_Data for review_.
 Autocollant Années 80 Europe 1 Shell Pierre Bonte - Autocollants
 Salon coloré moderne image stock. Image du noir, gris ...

==

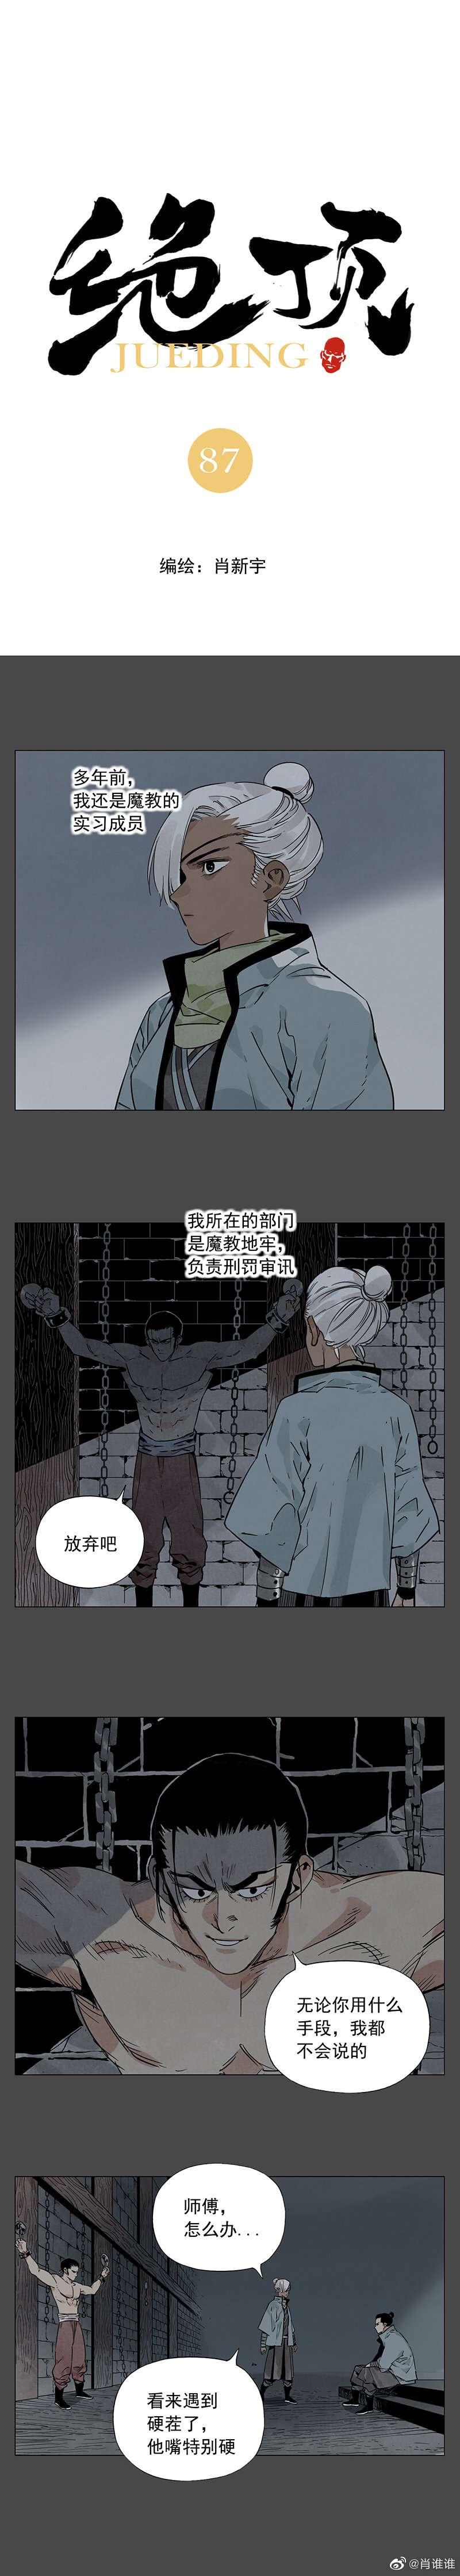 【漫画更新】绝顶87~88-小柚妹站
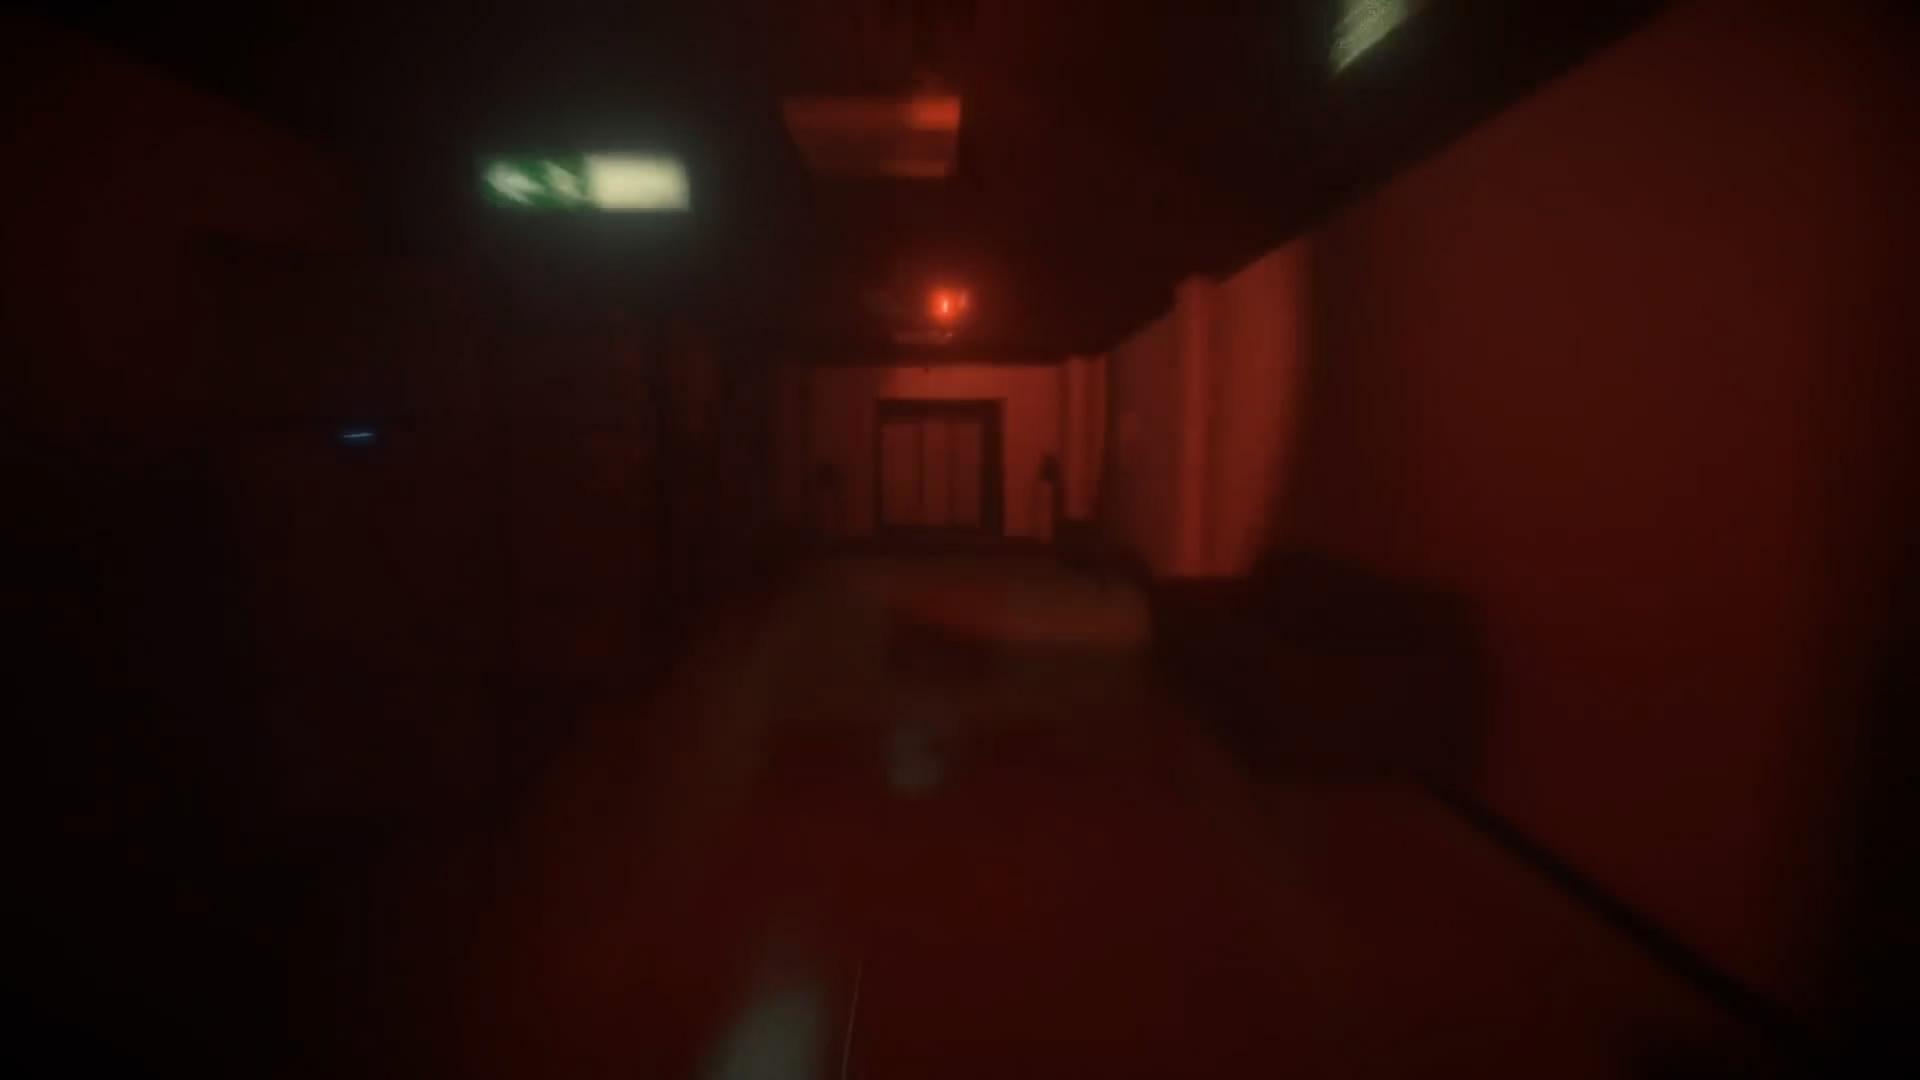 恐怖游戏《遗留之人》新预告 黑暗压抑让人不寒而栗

_Instructions to follow_. Reproduce exactly, and with no other material, the lines between those holding "Autocollant Années 80" and "Salon coloré moderne", inclusive.

_Result_.
 Autocollant Années 80 Europe 1 Shell Pierre Bonte - Autocollants
 Salon coloré moderne image stock. Image du noir, gris ...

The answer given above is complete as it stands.